How was Pilate to know that Jesus was God's own wild card? Pilate would order Jesus's grisly death by crucifixion. He would see to it that he was dead and buried. What he could not have dreamt of was that God had other designs. That Jesus would be resurrected. And more than that; that the movement Jesus had begun would take hold, first in Jerusalem and then later throughout the entire Roman government. That two centuries later, the Roman Empire itself would legalize Christianity. Or we would come to mark time itself in the western world by whether something happened BC – Before Christ, or AD – Anno Domine, the year of our Lord.

Which brings me back to Candy Land. Cady learned a lot by playing this game, as does every child who has ever played it. You learn about taking turns, and about patience, about how to be a gracious when you win and how to be gracious when you lose. The game takes you on a journey over which you do not exercise nearly as much control as you perhaps would like, and there are very few life lessons more important than that one. All that, and perhaps the most important truth of all: that it isn't over until it's over and that a wild card of grace can change the face of all reality.

Certainly the wild card Jesus turned a Roman official into a bare footnote in a Christian creed.

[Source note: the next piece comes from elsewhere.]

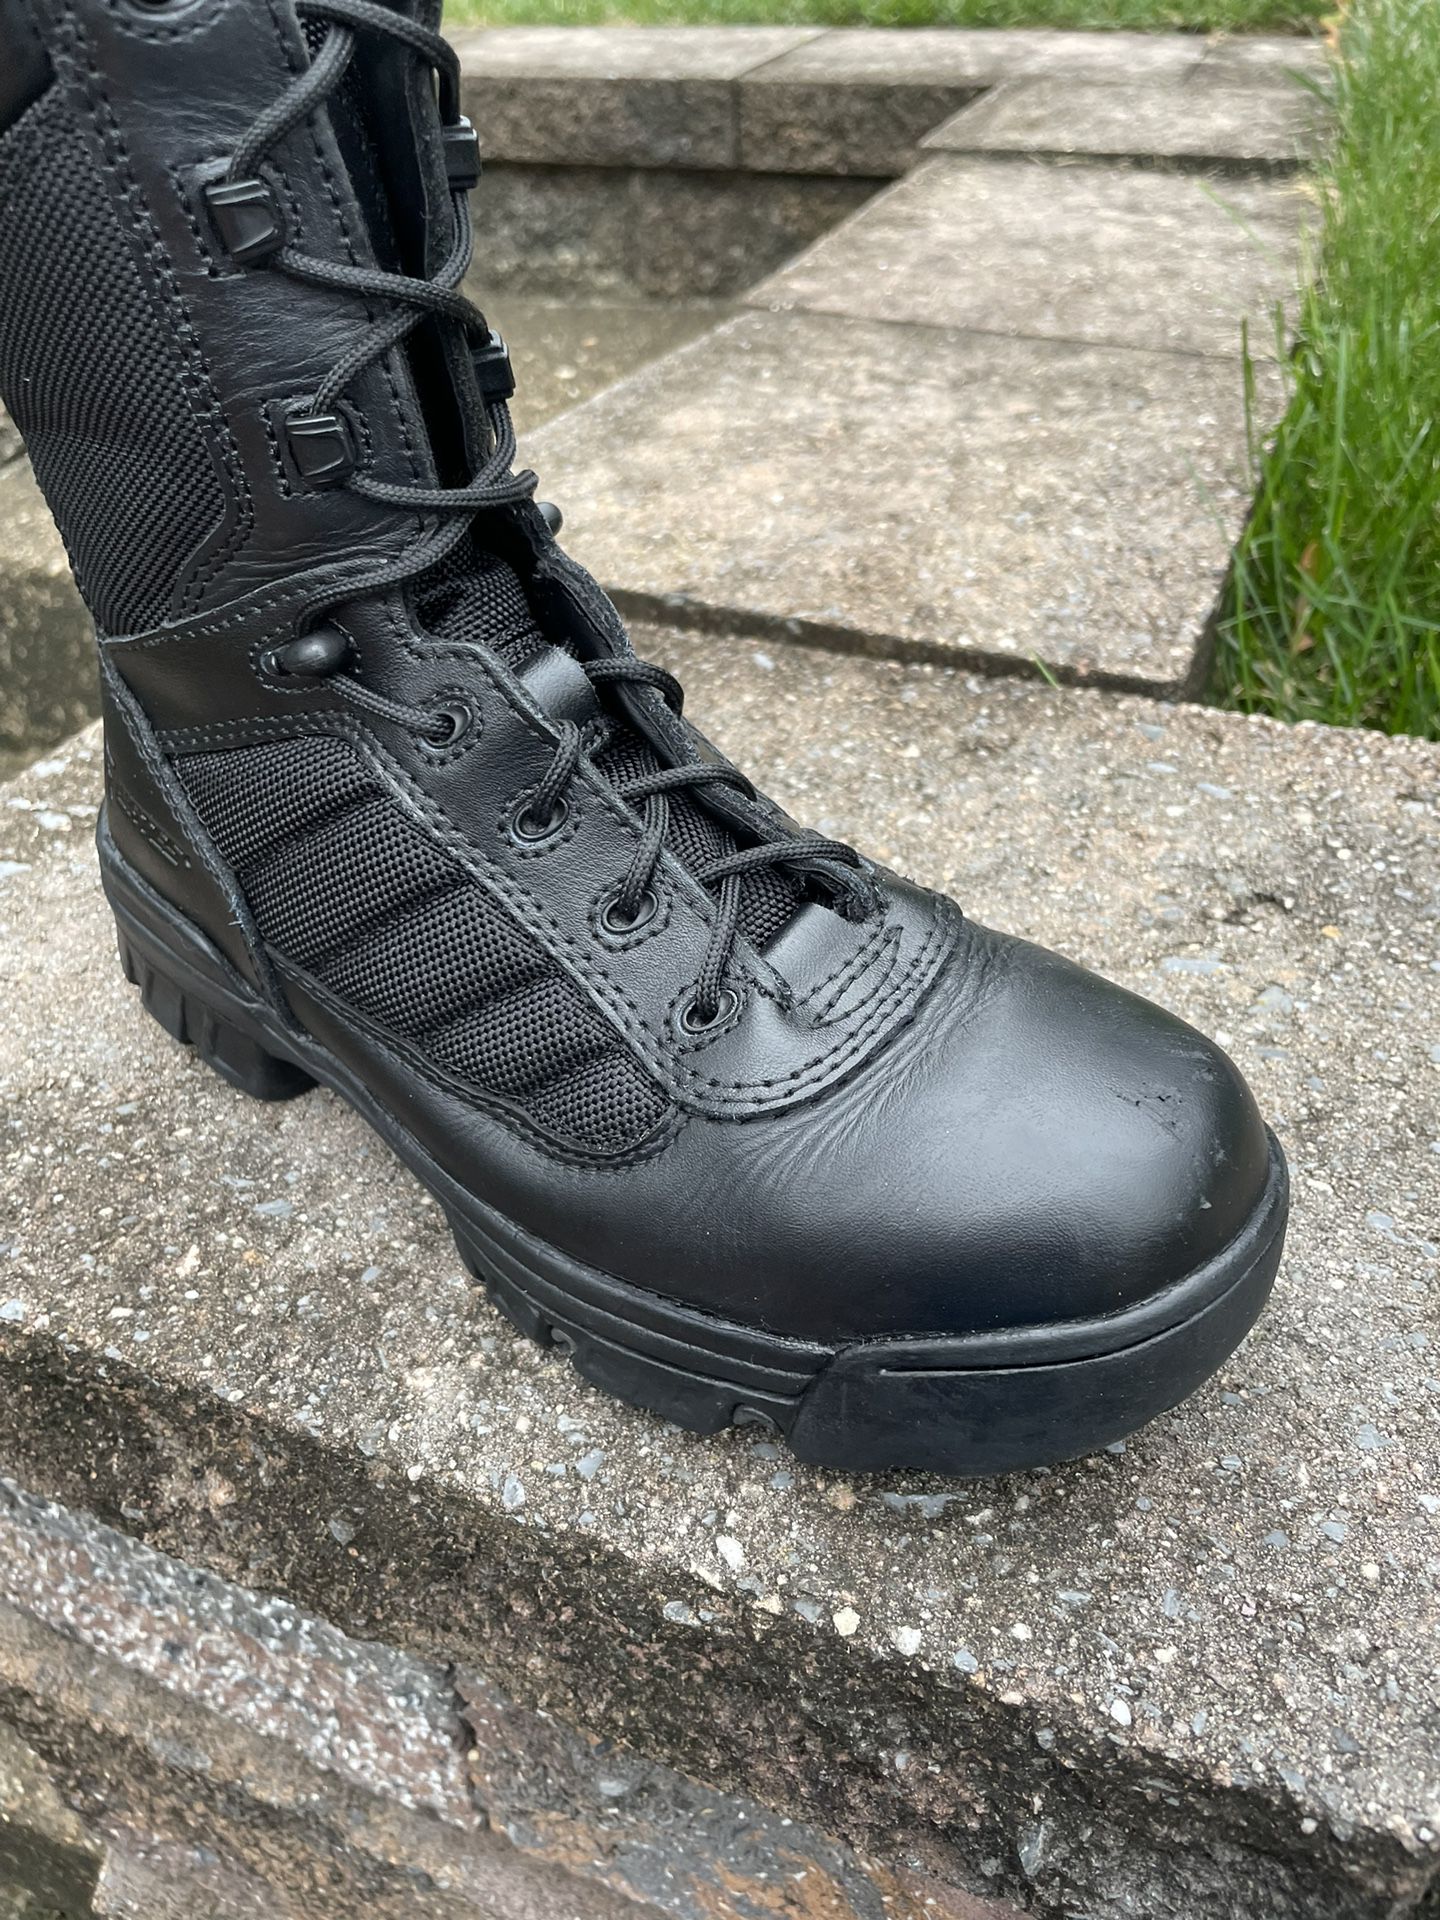 Bates Men's 8" Ultralite Tactical Sport Military Boot size 6

We are linear people who find ourselves at the end of one liturgical year and about to begin a new one. If it is to be like most in the last 2000 years, it will be filled with joy, sorrow, challenges and blessings, and most likely a wild card or two of grace. There will be some things over which we can exercise our control, but even more over which we cannot. In all, we find our solid footing in our faith which teaches us that all of our beginnings and endings and anxious middle grounds are held in the gracious hand of God, who seasons our lives with grace and surprise, who strengthens us with challenges, who sustains us in our sorrows, and in whose hand alone lies the ends of all creation.